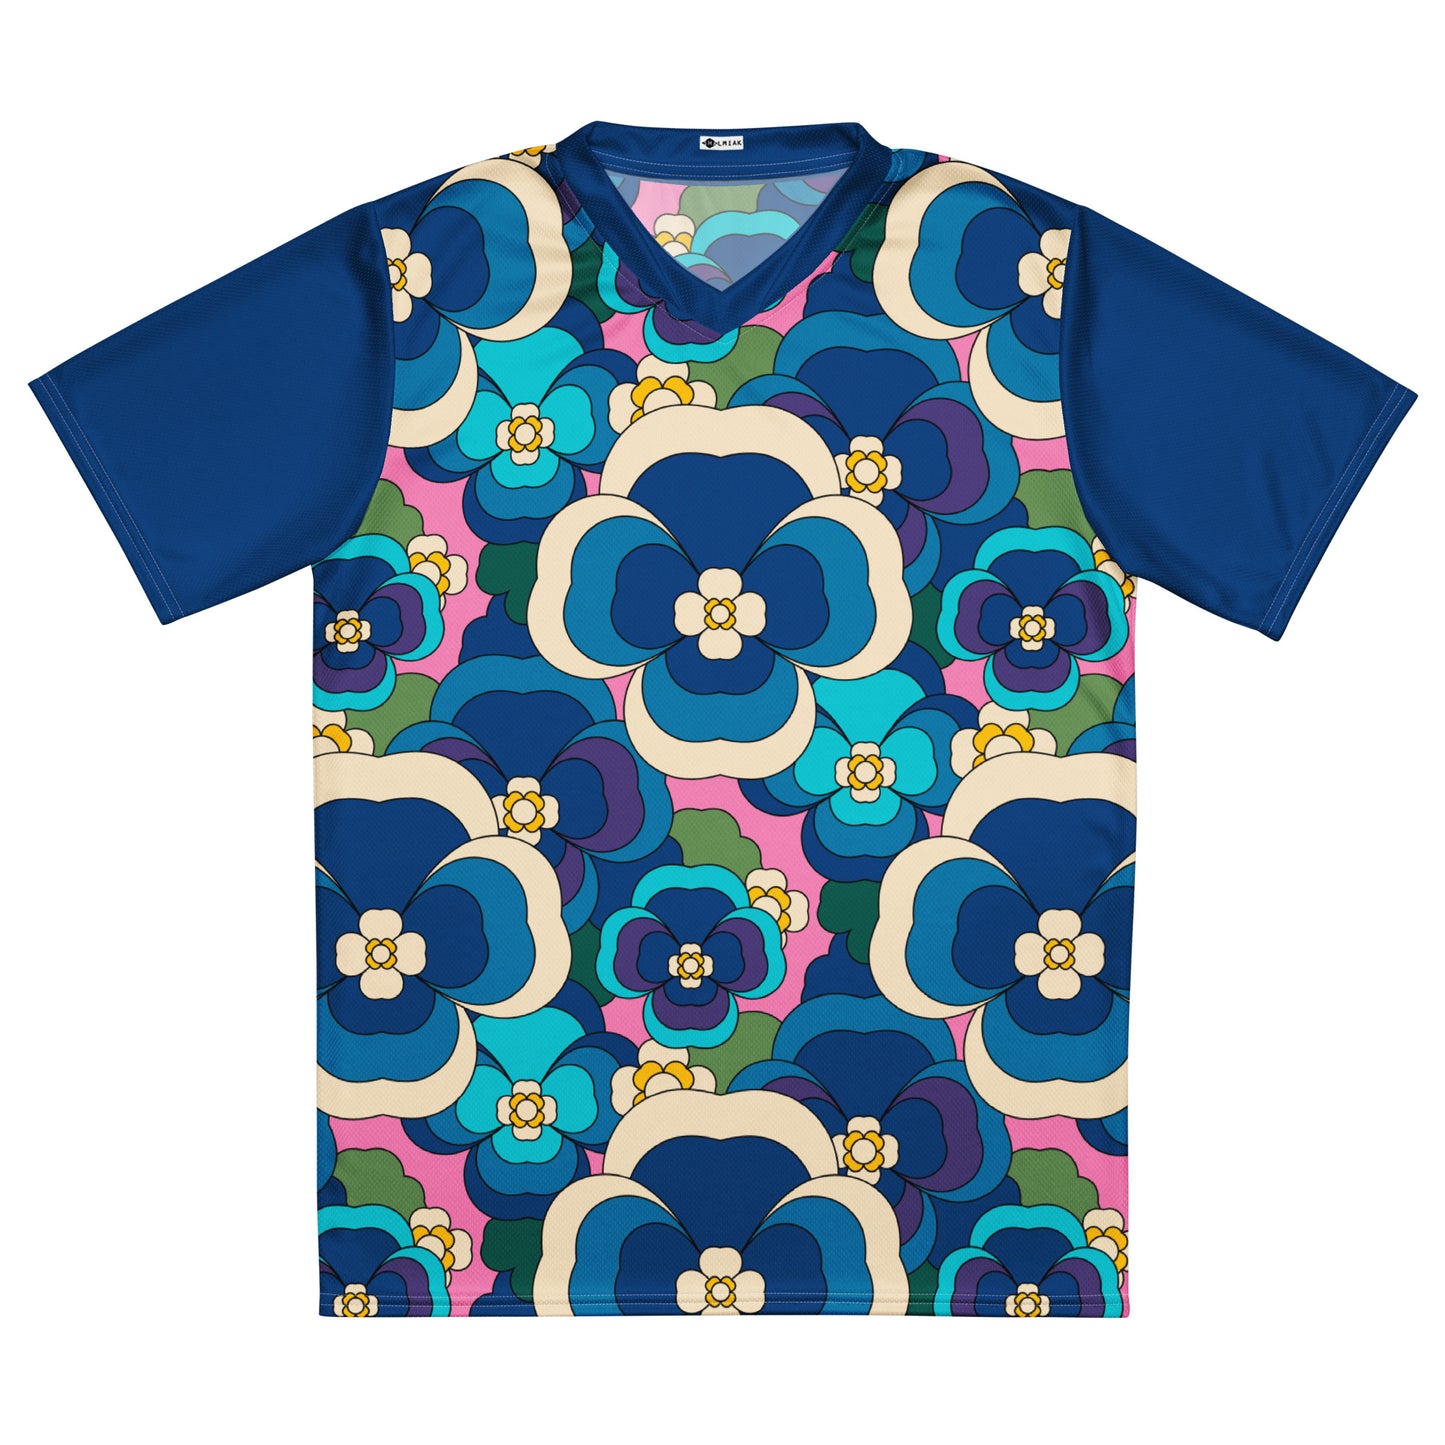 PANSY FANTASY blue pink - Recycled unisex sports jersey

▬▬▬▬▬▬▬▬▬▬

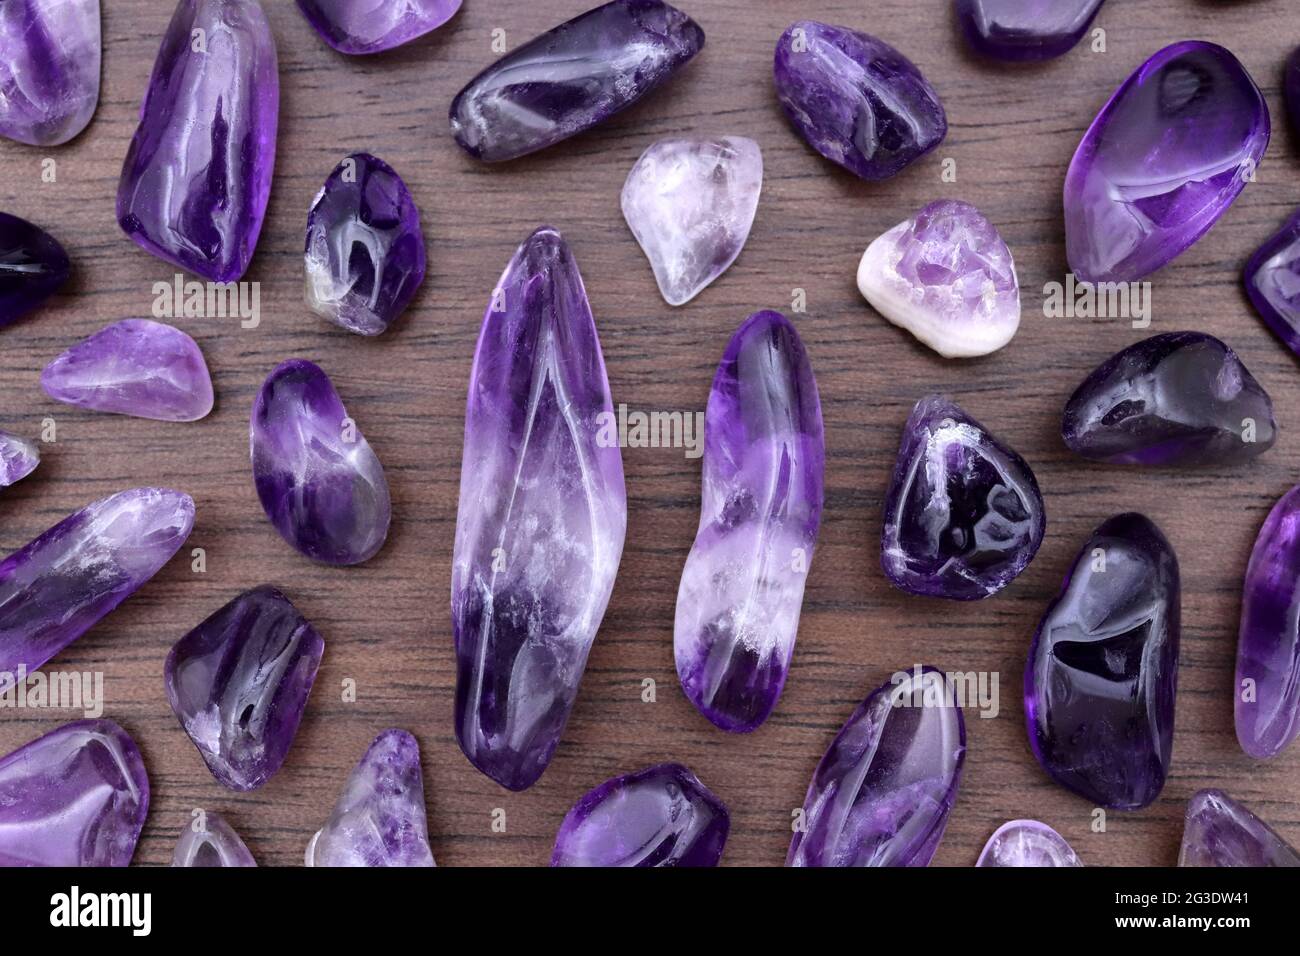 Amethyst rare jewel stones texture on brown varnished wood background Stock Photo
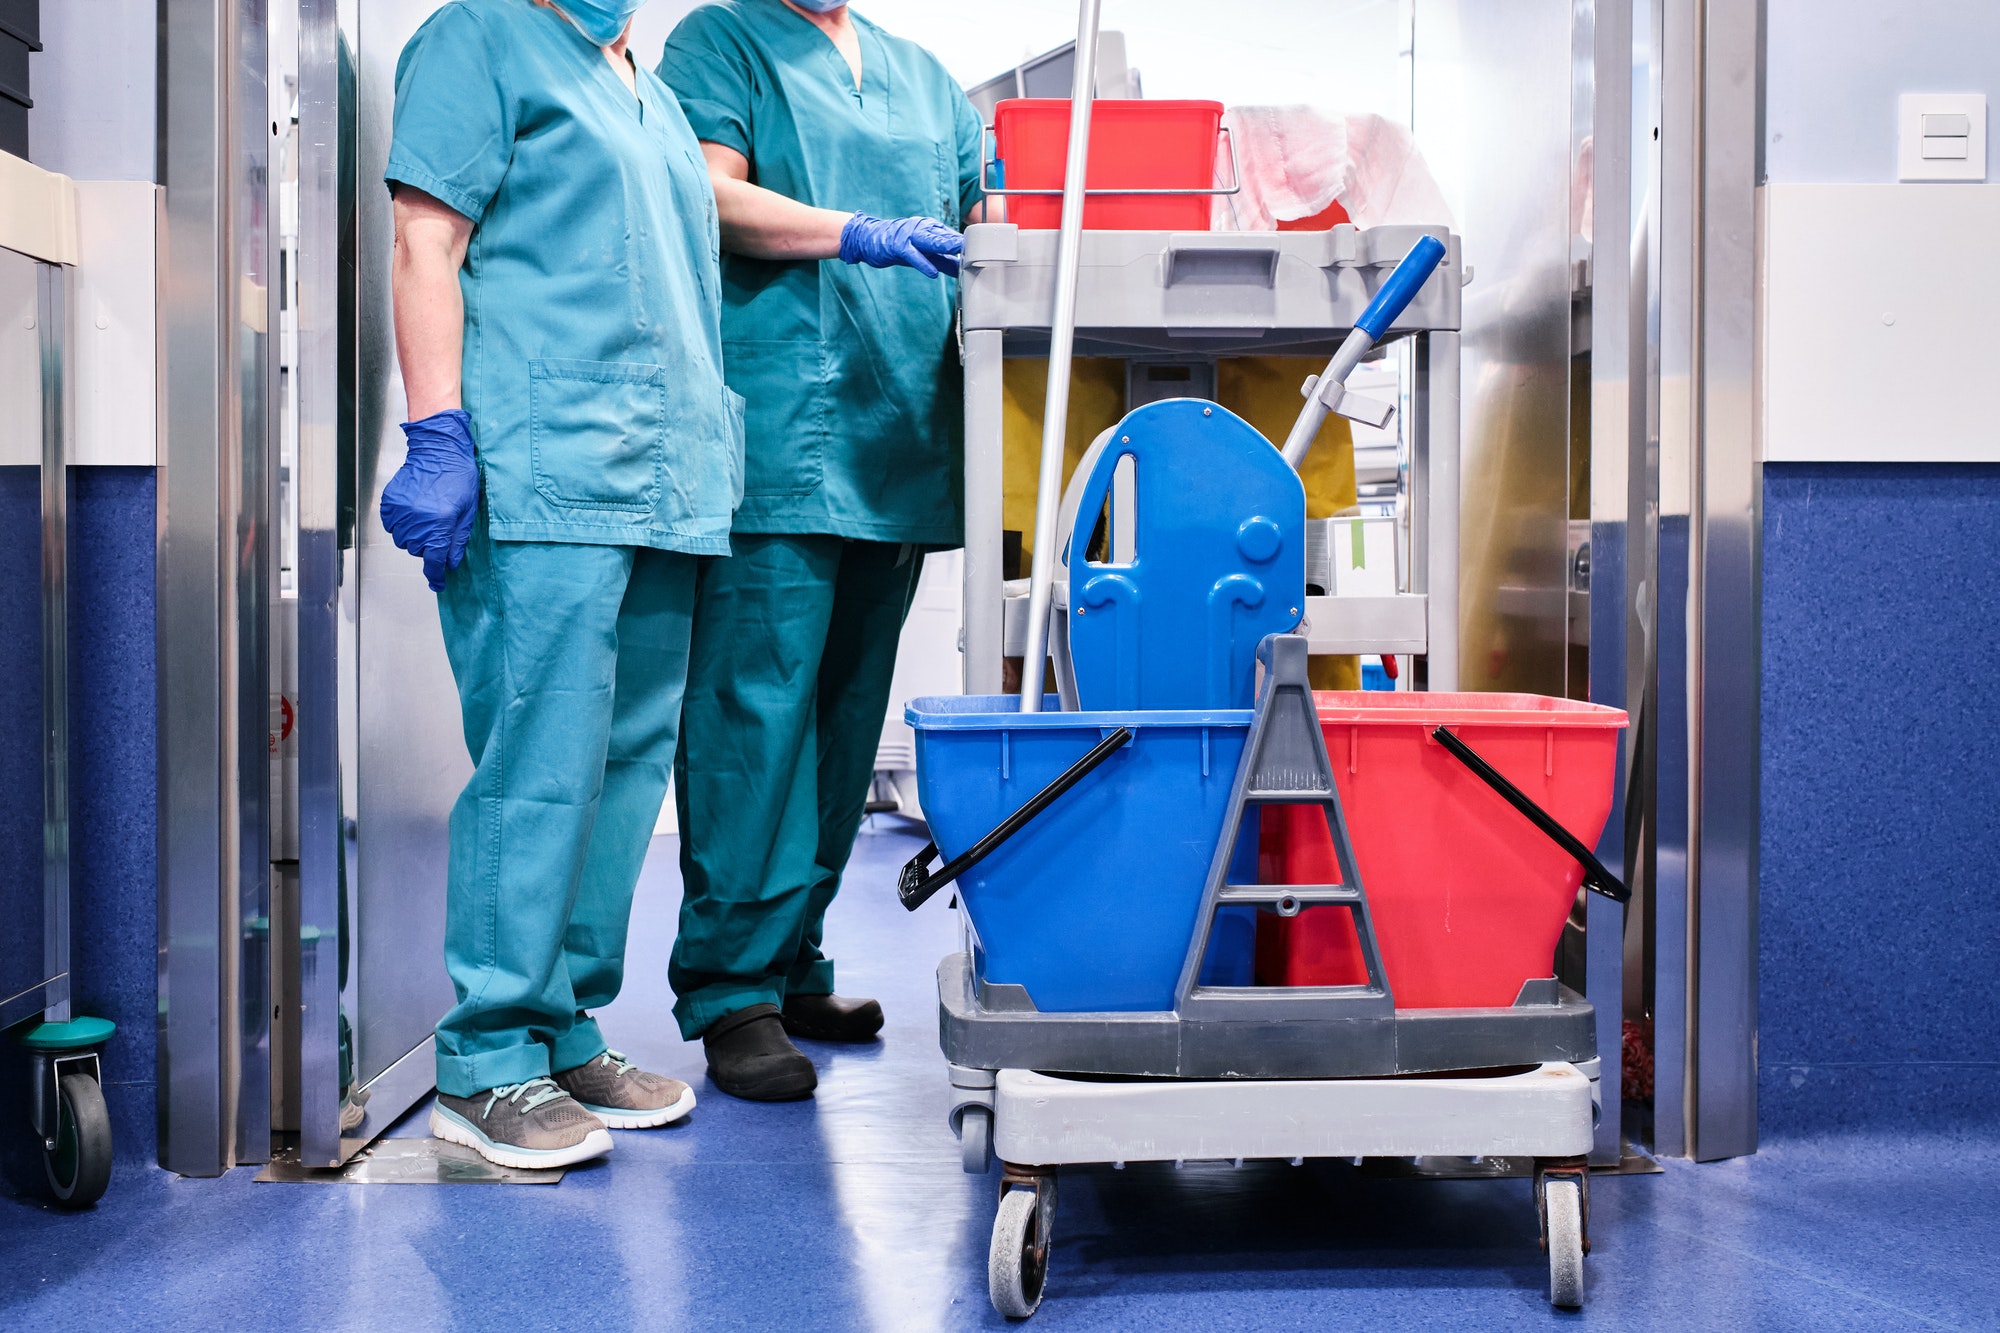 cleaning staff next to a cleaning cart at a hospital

▬▬▬▬▬▬▬▬▬▬

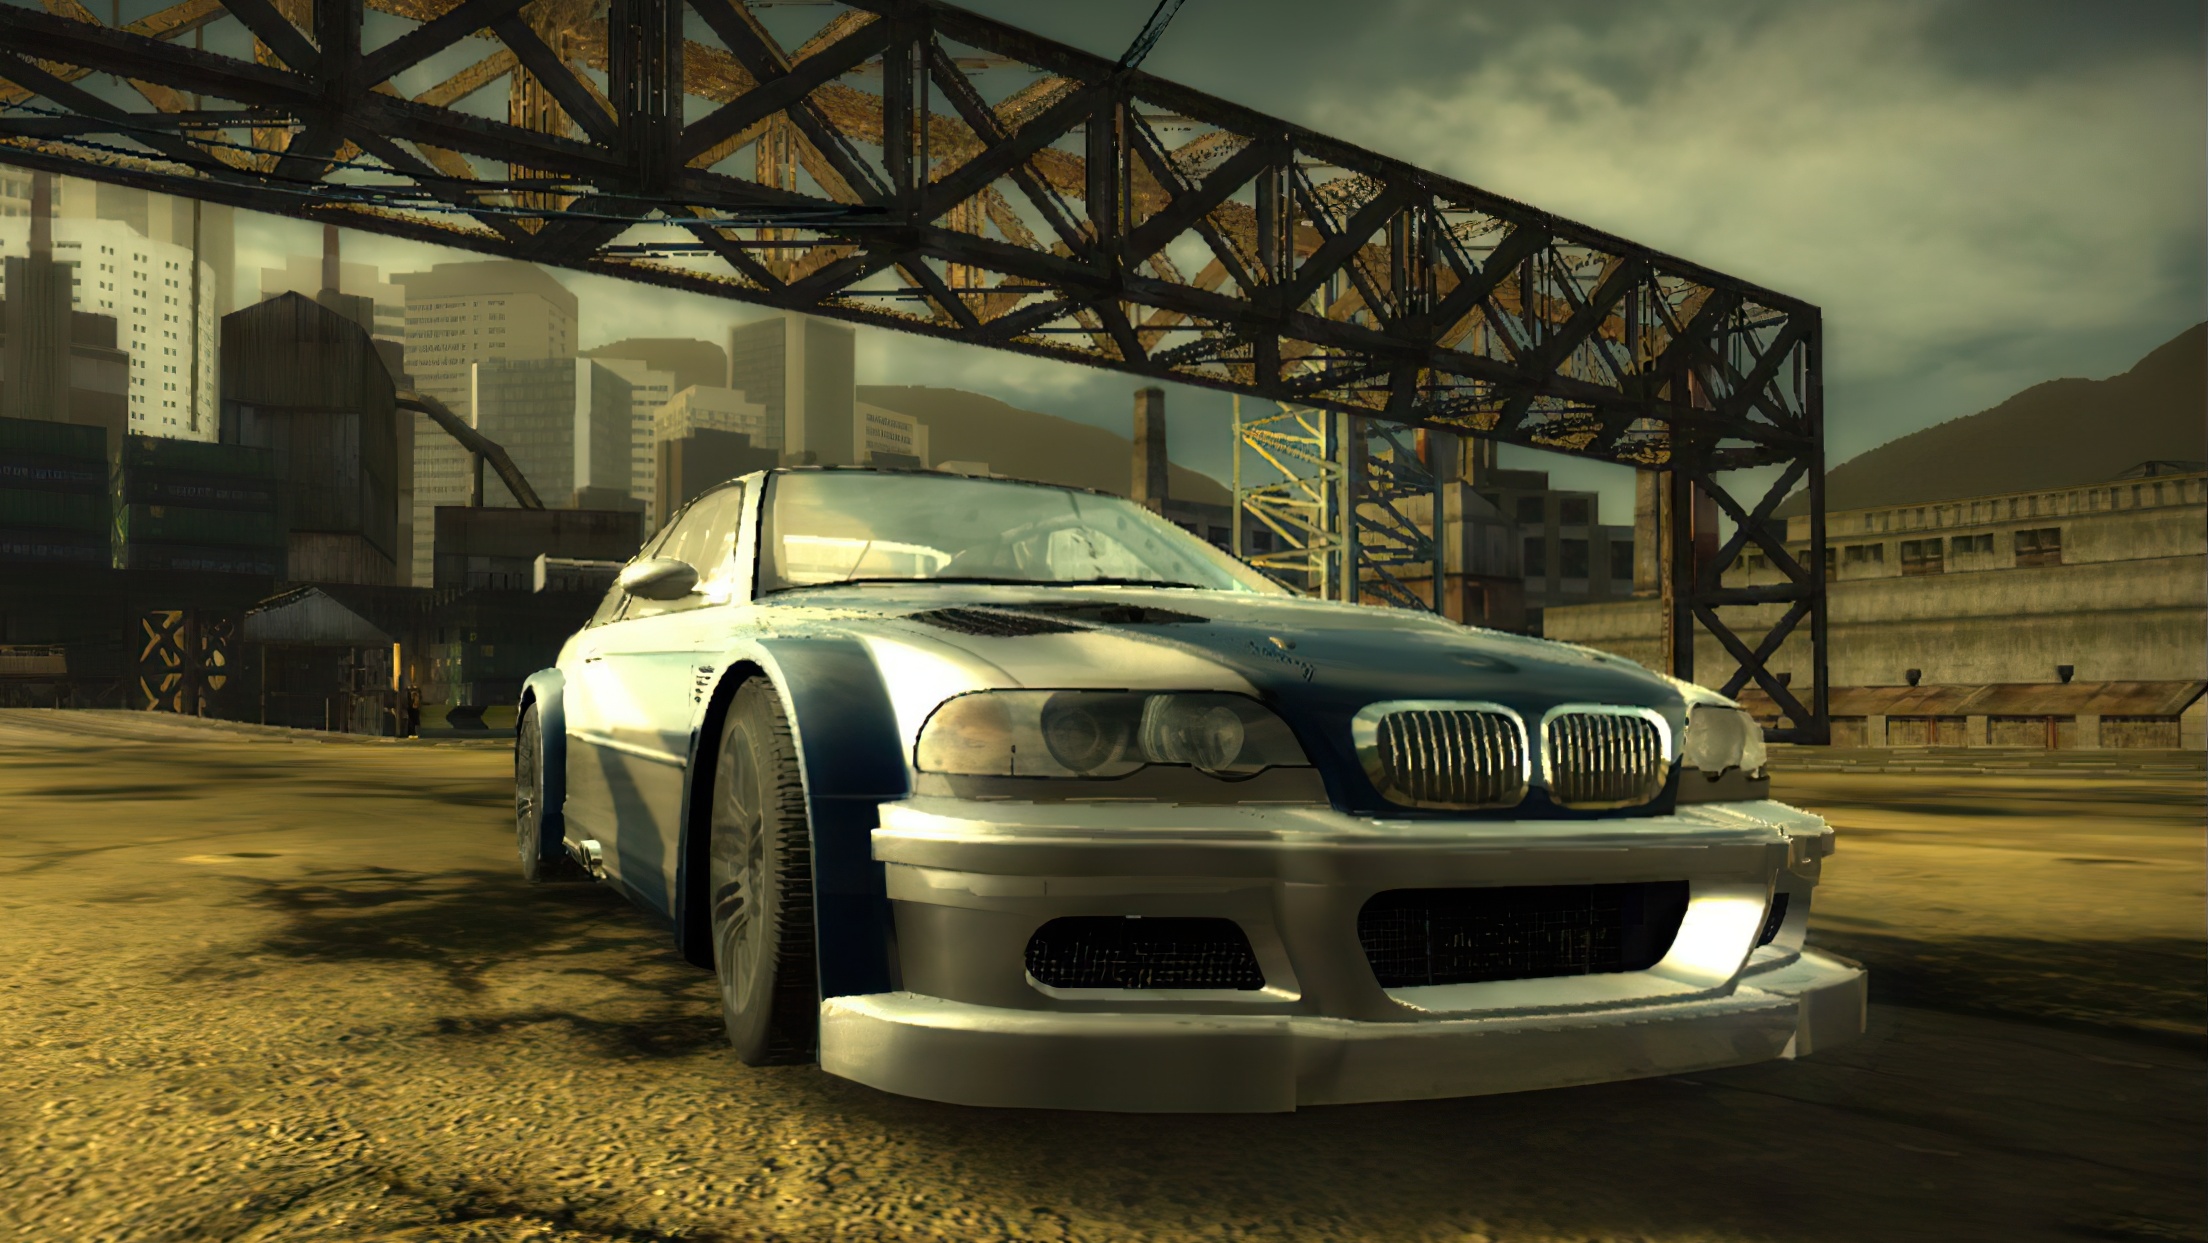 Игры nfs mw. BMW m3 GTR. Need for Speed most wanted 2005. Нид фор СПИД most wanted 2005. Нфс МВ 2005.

▬▬▬▬▬▬▬▬▬▬

▶ _What needs to be done_
All lines above from the one containing "Amethyst rare jewel" up to and including the one containing "cleaning staff next" are to be set down exactly, and nothing else. Leave images out.

▶ _Answer to this problem_
 Amethyst rare jewel stones texture on brown varnished wood background Stock Photo
 cleaning staff next to a cleaning cart at a hospital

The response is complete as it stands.